One week later, Shiloh and his mom flew cross country to his new home—Olean, New York, a historic town with white winters and fertile autumns remembered for their broad spectrum of heart-stopping colors; where cars rarely exceed 30 miles per hour and receive deprecating looks from townspeople when they do; and where dynastic houses—tall and wooden, with inhabitable attics and porches built with the aim of watching the sun fall over great bouts of gossip—stand at comfortable distances from one another, allowing each residence to breathe in its fair share of the surrounding woodlands. Ninety miles southwest of Buffalo, it is a city where the people are so peaceable that the crime report in The Times Herald, Olean's daily newspaper, contains terse reports such as: "Mark G. Williams reported he lost his blue Nokia cell phone between Wednesday and Thursday."
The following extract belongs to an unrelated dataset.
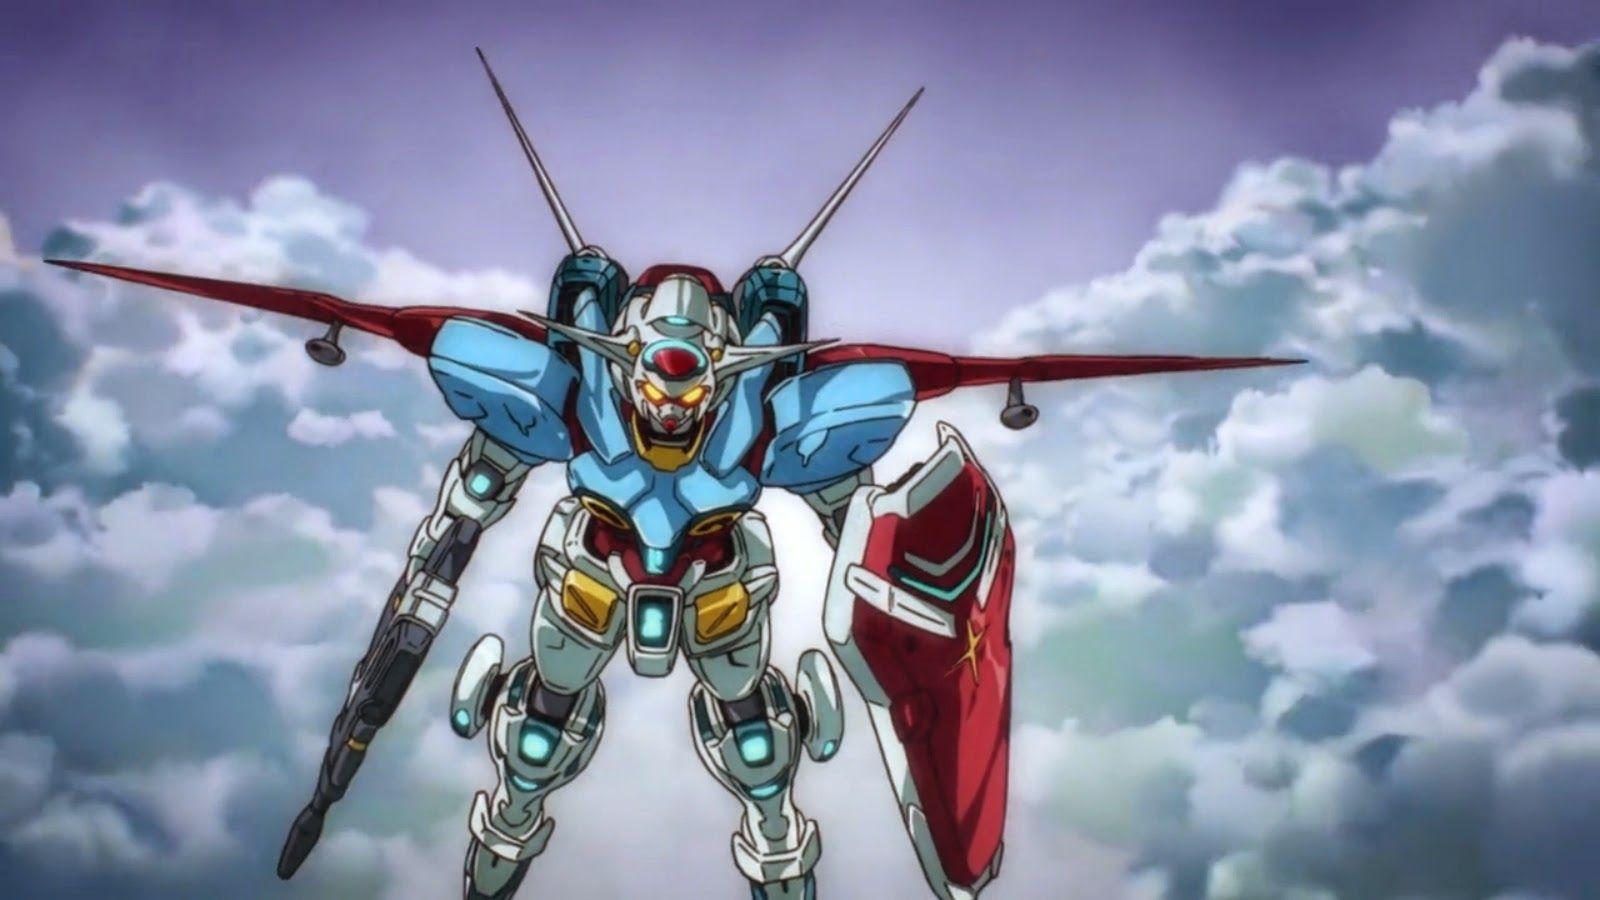 Gundam: G no Reconguista Episode 1 (English Sub) "The Mysterious

In other words, the city of Olean is the polar opposite of Las Vegas.



• • •


Sunday, January 9, 2005:


It's white outside, and of course it's cold. Shiloh walks into his home—which is no longer new in his eyes, as kids tend to be quite adaptable and Shiloh more than most. He removes his coat because the house is warm and comfortable. As ever, he's eager to joke with Bo, the man who in good faith has taken over the role of father with Shiloh and whose habits and language Shiloh has already adopted. "What is that, dude?" Bo says, looking at the fresh scrapes on Shiloh's forehead. "I had a snowball fight with the elders before church," Shiloh says, smiling, anxious to eat lunch or watch SpongeBob Squarepants or master video games or play ping-pong. "It's nothing." Vivian had been the worried one. Shiloh took it in stride, as most kids do, and came home with yet another scar on his body.


Still pink and tender, the scars from Shiloh's six stab wounds continue to irritate him. One extends from beneath his ear toward the middle of his throat; another, down his entire abdomen. According to Vivian, the worst of his scars—and the most indelible—is the slice across his heart.
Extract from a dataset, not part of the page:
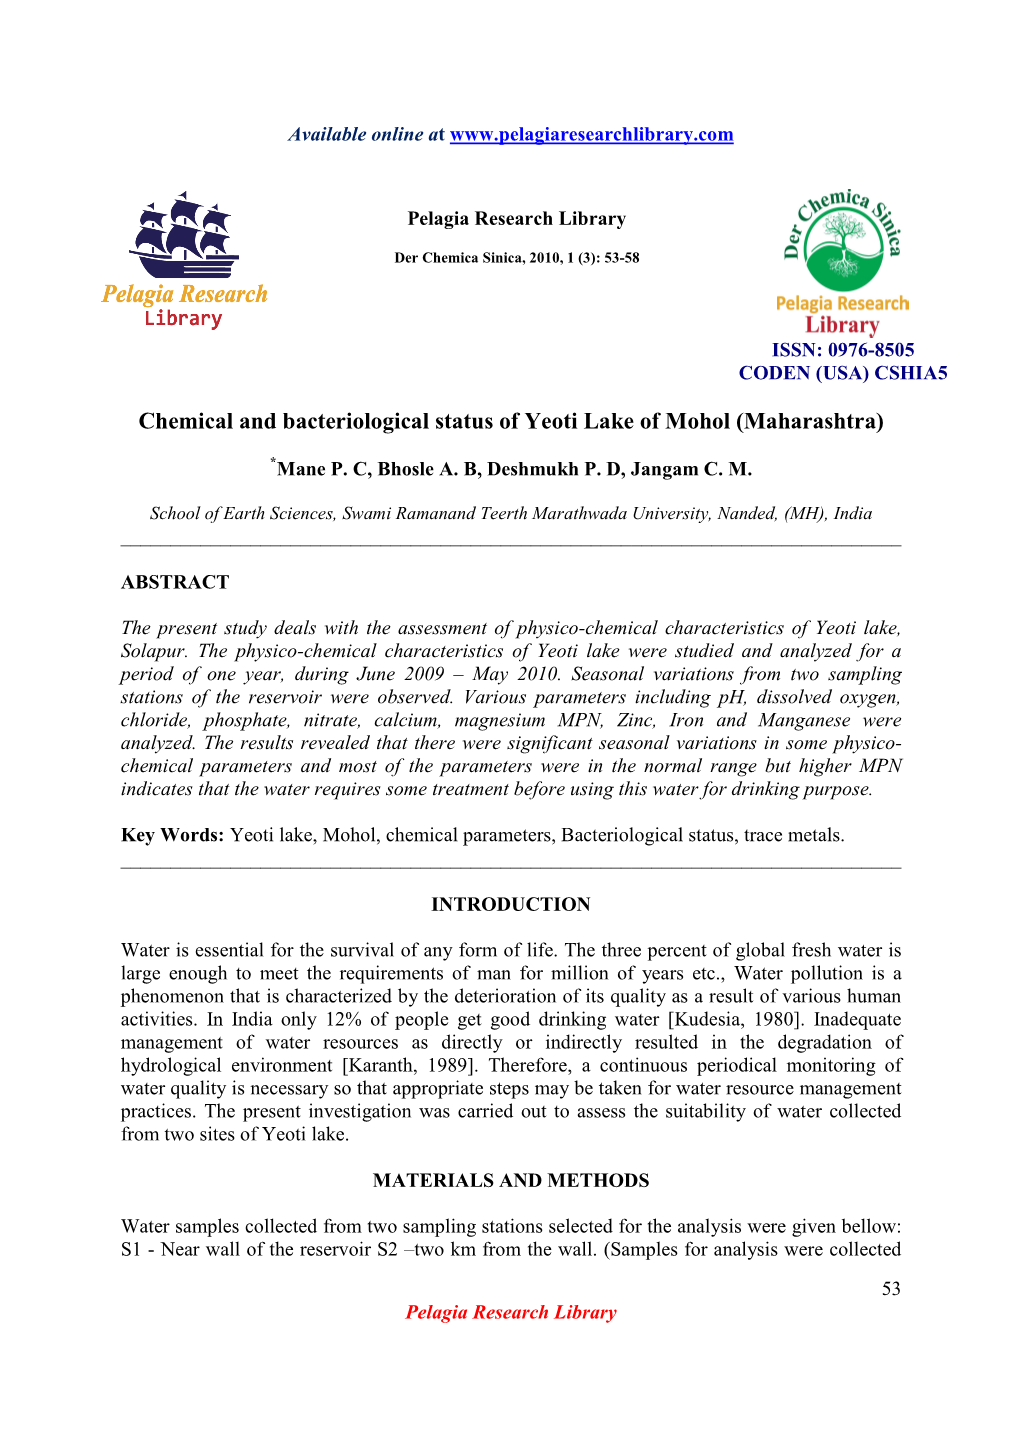 Chemical and Bacteriological Status of Yeoti Lake of Mohol (Maharashtra)

"He misses his mom," Vivian says. "A lot."


Shiloh had been complaining about headaches when he arrived in New York, but when Vivian took him to the doctor's office and his physician diagnosed the pains as post-traumatic syndrome, Shiloh never mentioned another word about them.
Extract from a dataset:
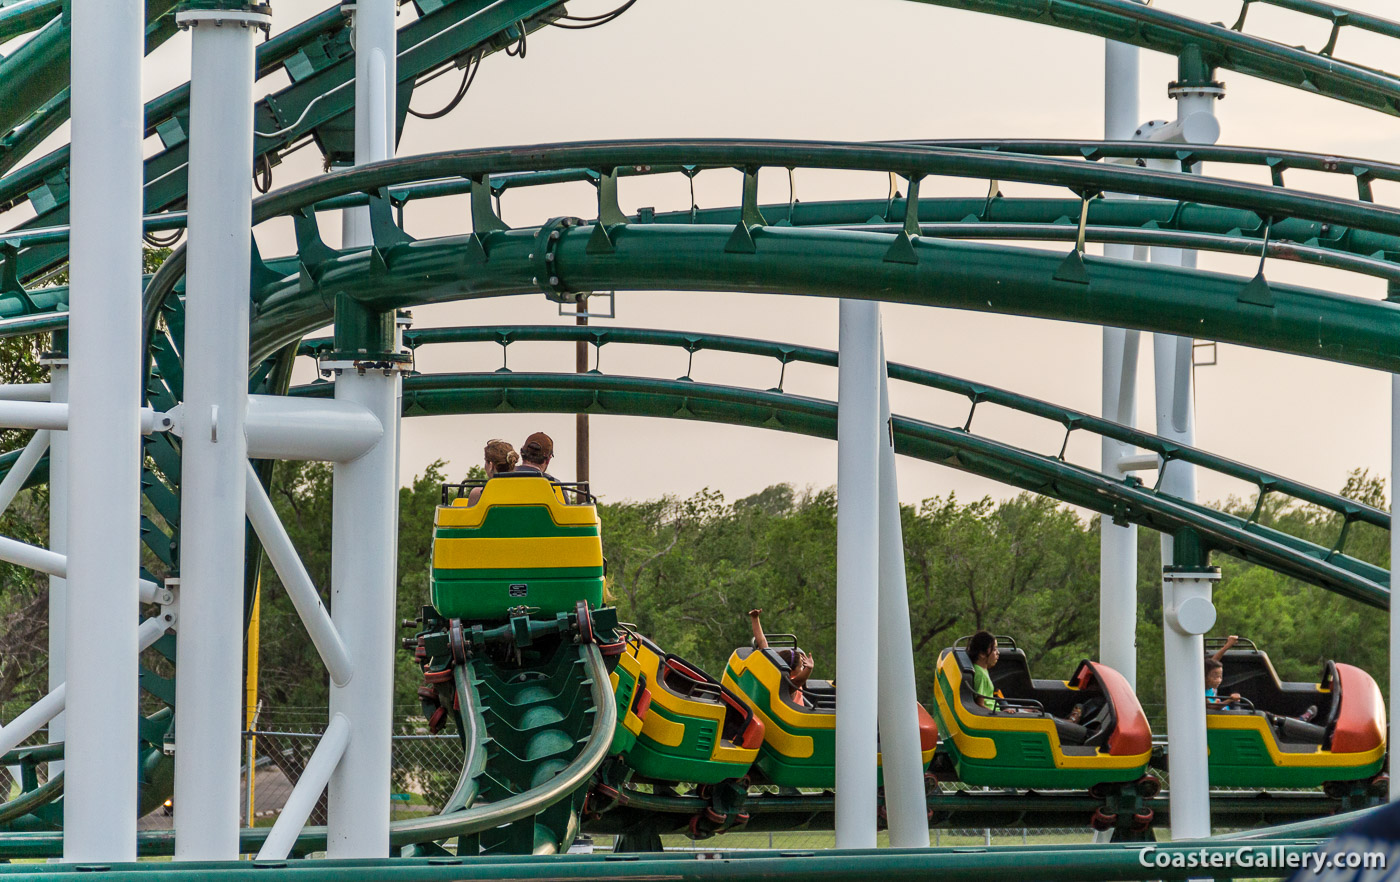 Hornet roller coaster at the Wonderland amusement park

He will return to Las Vegas on February 1, when Maelena—who is now the proud parent of an angelic 20-month-old daughter named Alayna and who says that if she has another daughter, natural or adopted, she is going to name her Teresa—will sing at the memorial to be held for Teresa Tilden at the Central Christian Church in Henderson.


"I forgive my mom," Shiloh says, "because her mother drank a lot and was all abusive and stuff, and when you don't learn right from the start you don't come out the same. I know she loved me; and I love her."


Shiloh says he will also return to Las Vegas to testify against James—who remains behind bars at the Clark County Detention Center, without the possibility of bail, on three charges: murder, attempted murder and assault with a deadly weapon—only if James' conviction depends on it.


"I don't think James knew what he was doing, and I still appreciate everything he did for me and my mom," Shiloh says. "But I don't forgive him for killing my mom."


Come nighttime he sleeps with the comforter and pillow his mom slept with in Las Vegas. Tomorrow he will rise with the lethargic winter sun and walk to school, where he is completing the seventh grade.